YOUR INSTRUCTIONS » Leave every picture out and return the rest of the listing verbatim.

GIVEN DATA »
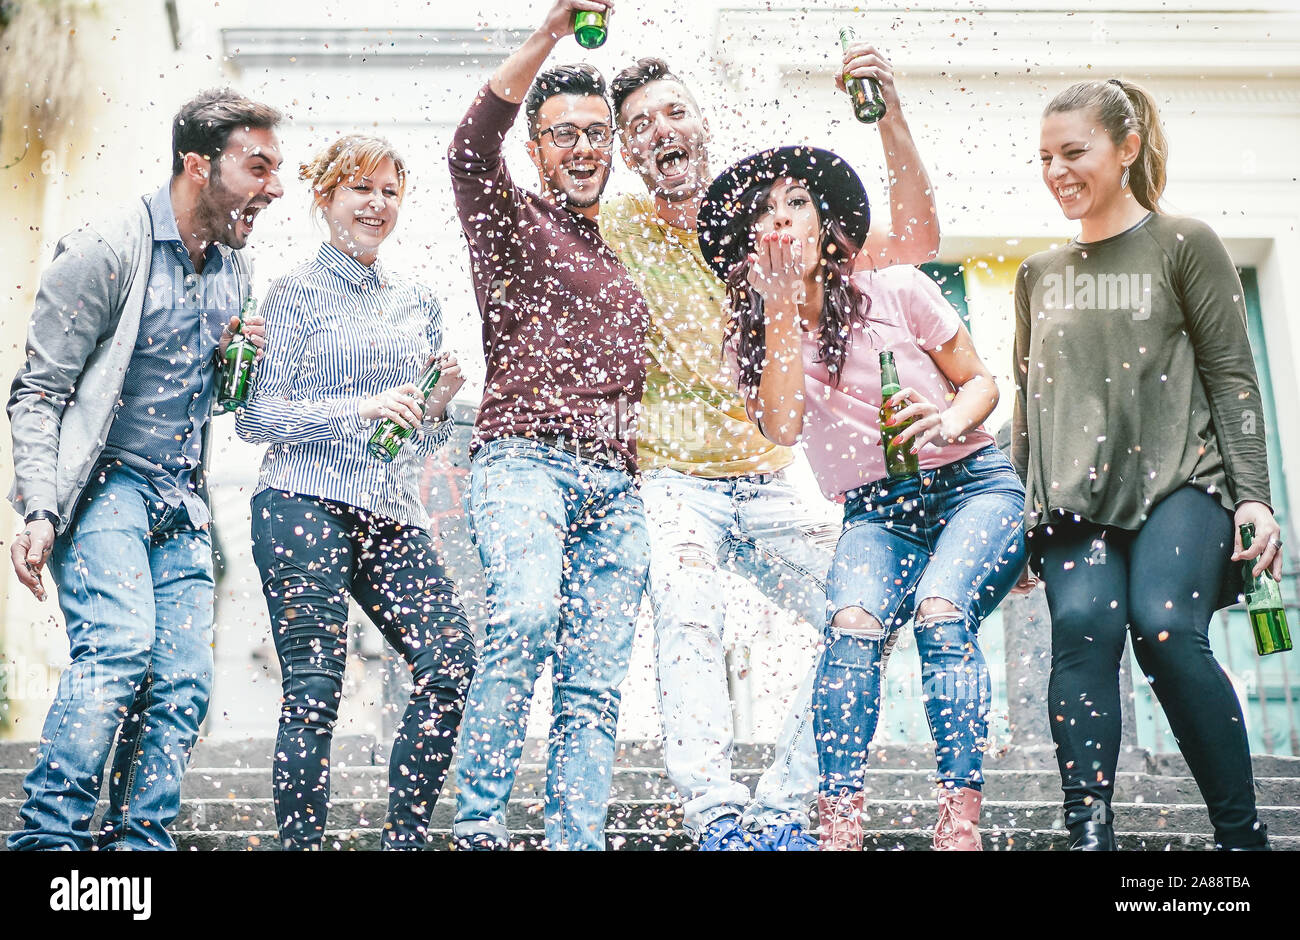 Group of happy friends doing party drinking beer and throwing confetti - Young millennial people having fun celebrating birthday and laughing together Stock Photo
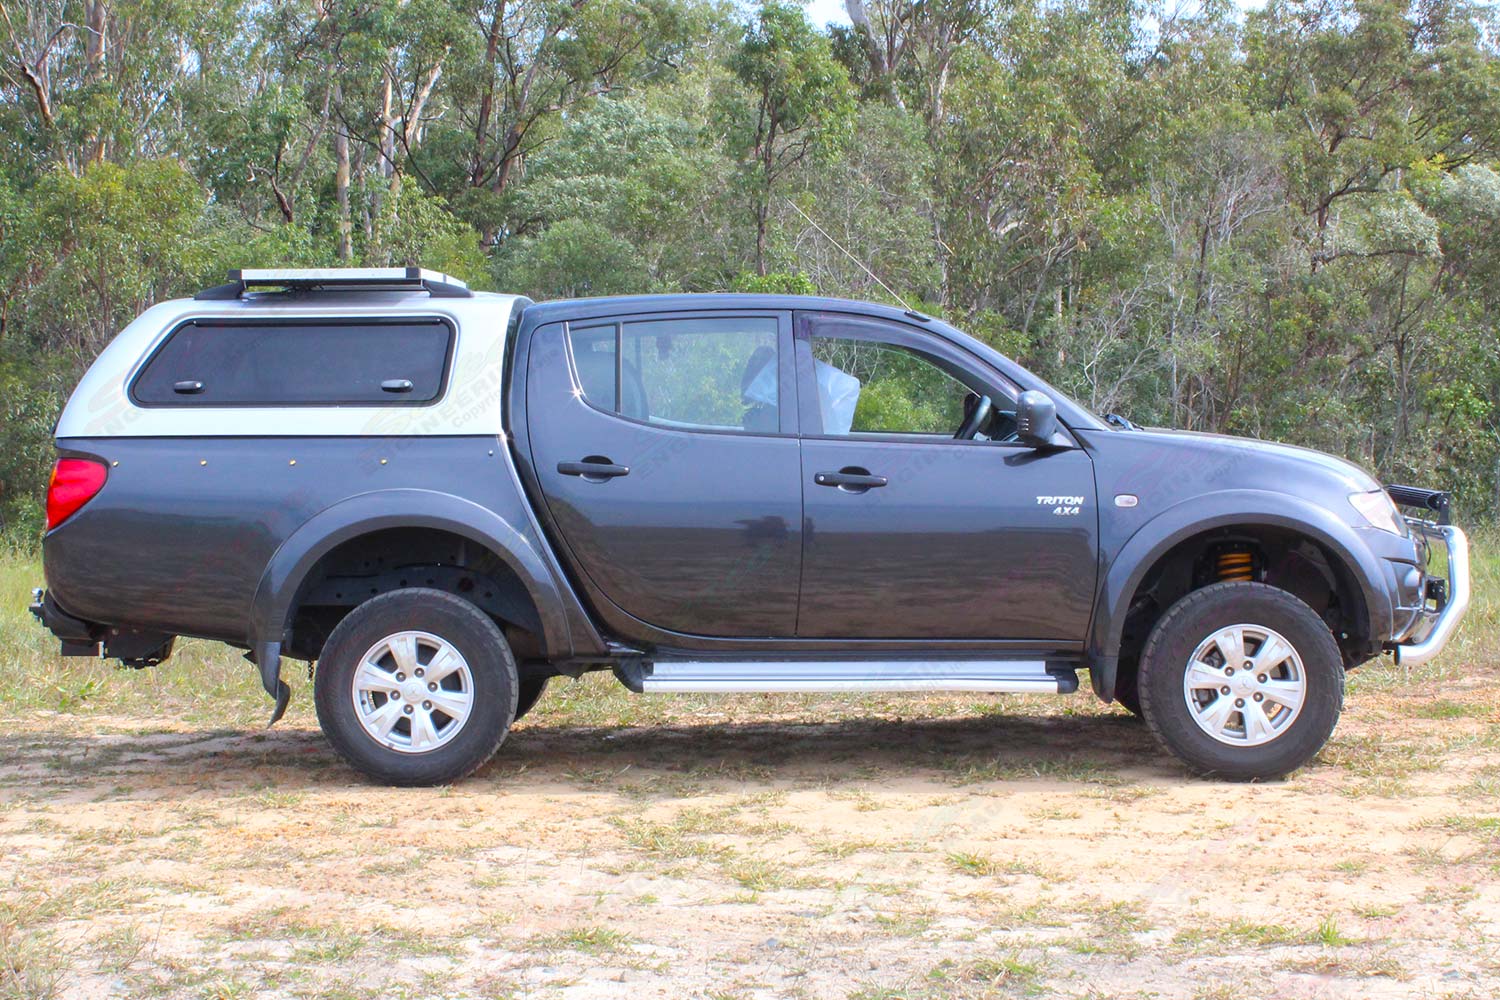 Right side view of a ML Mitsubishi Triton dual cab fitted out with a constant load 40mm Ironman lift kit
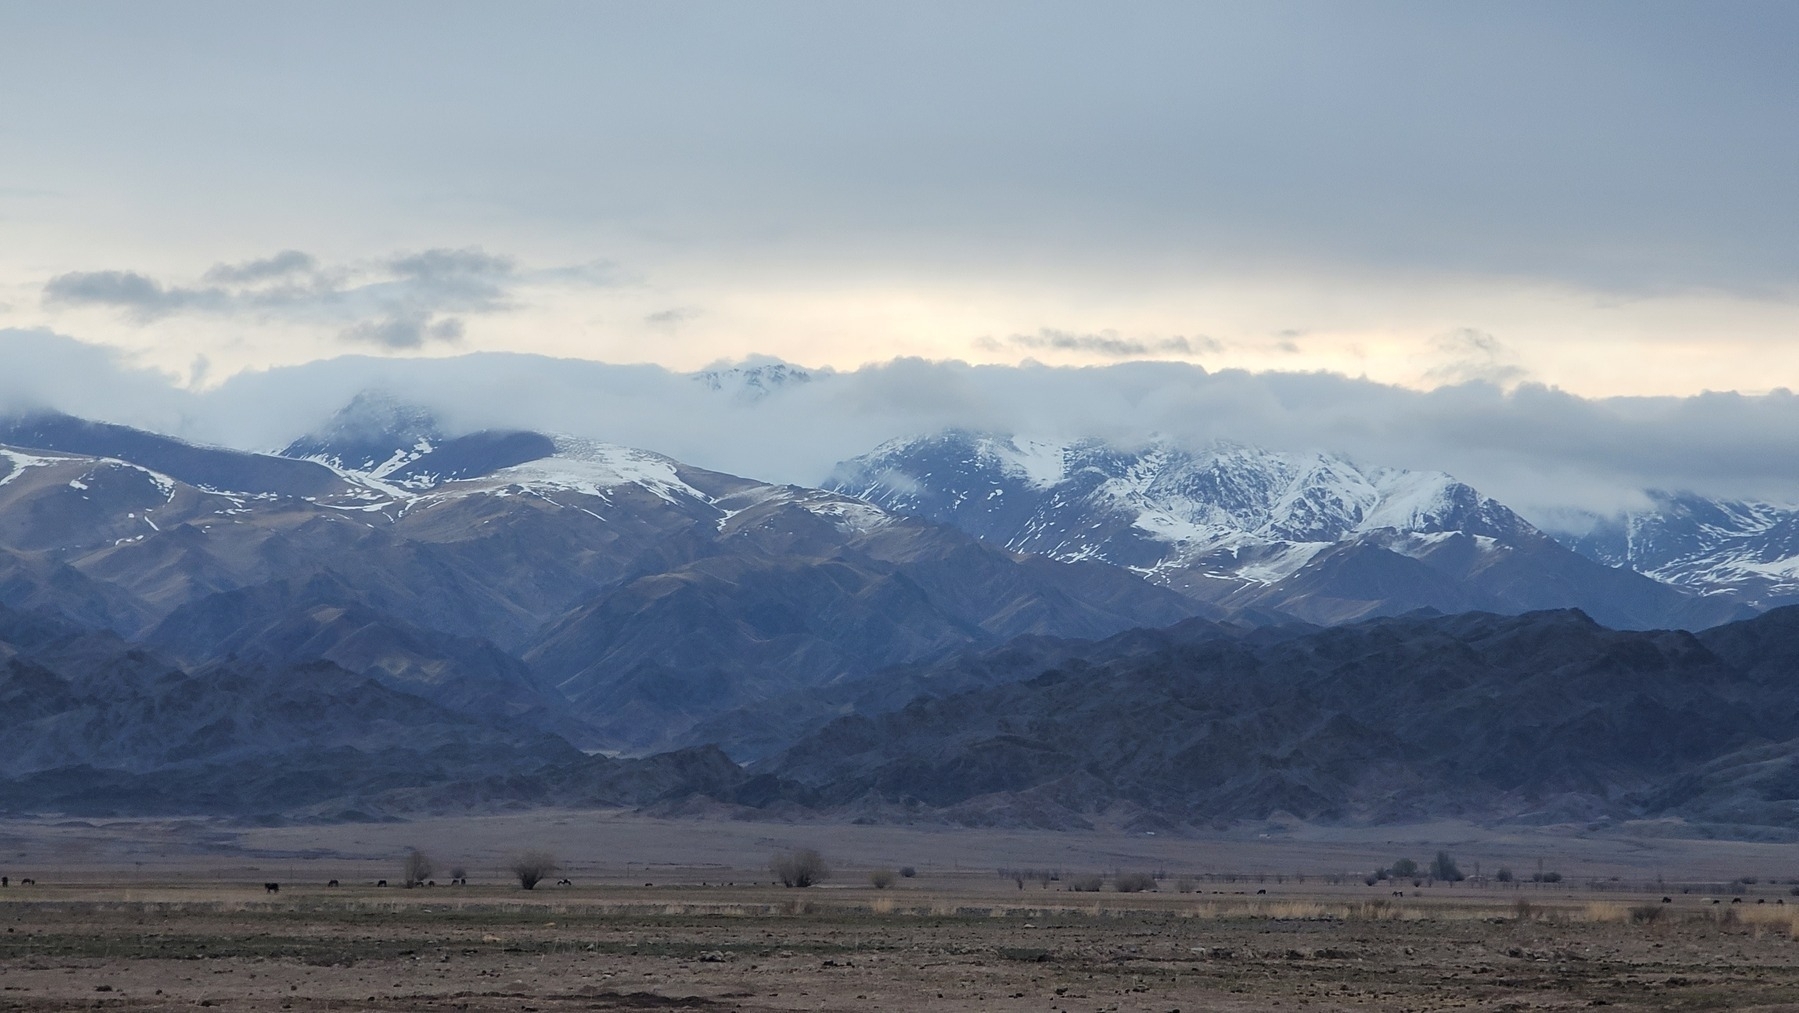 snow-capped mountains at dawn with a gray cloud separating the peaks from the sky
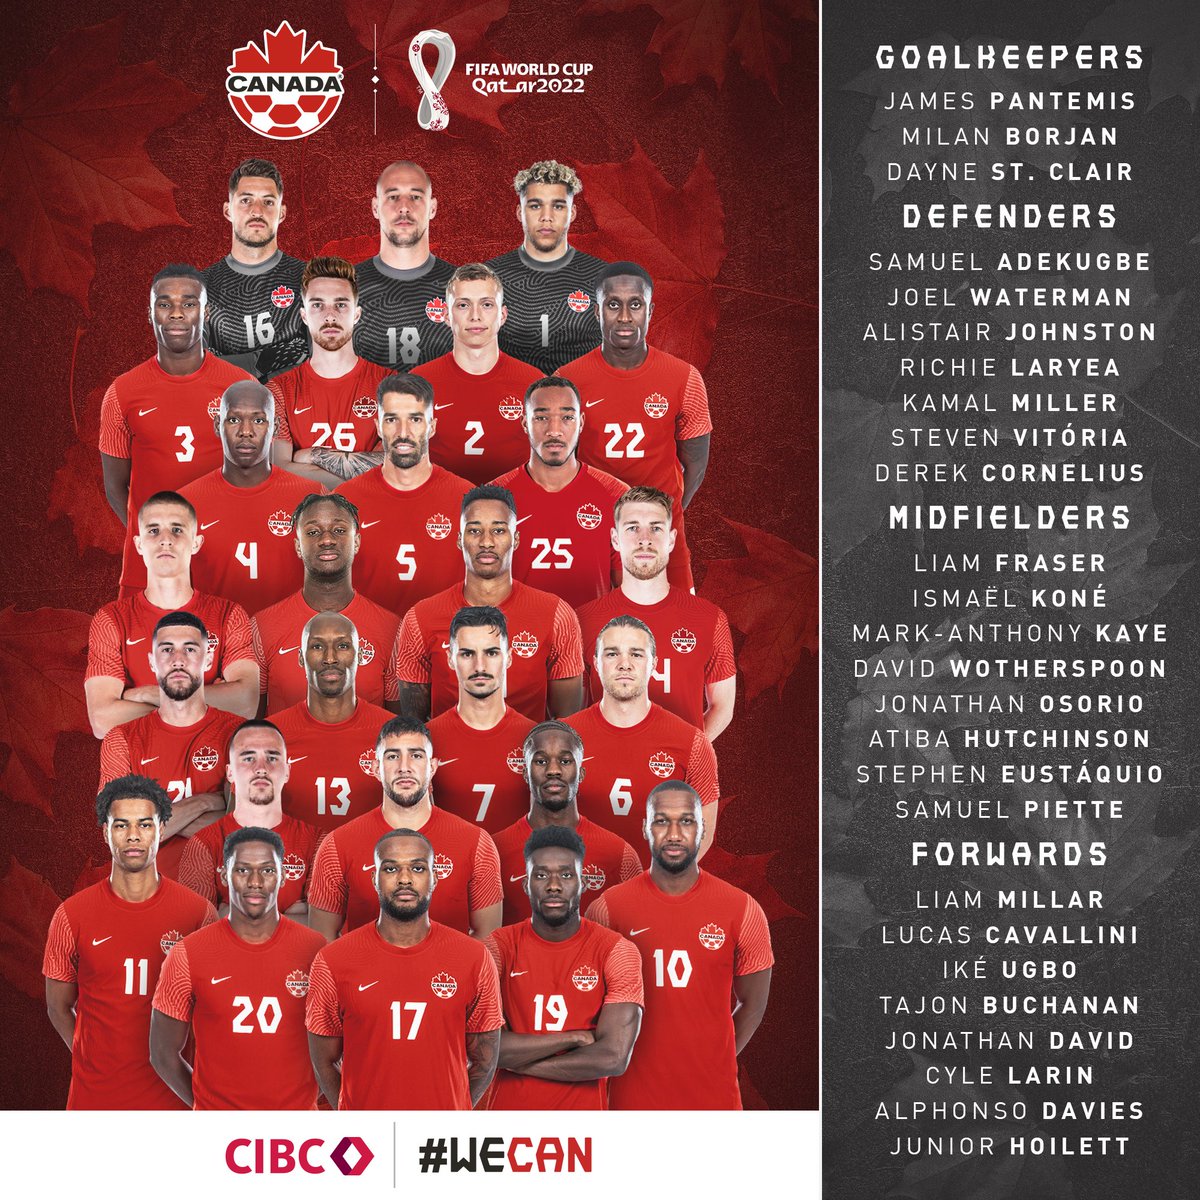 26 players, 1 dream 🇨🇦 #CANMNT x @CIBC #WeCAN

WRITTEN SOLUTION »
 Group of happy friends doing party drinking beer and throwing confetti - Young millennial people having fun celebrating birthday and laughing together Stock Photo
 Right side view of a ML Mitsubishi Triton dual cab fitted out with a constant load 40mm Ironman lift kit
 snow-capped mountains at dawn with a gray cloud separating the peaks from the sky
 26 players, 1 dream 🇨🇦 #CANMNT x @CIBC #WeCAN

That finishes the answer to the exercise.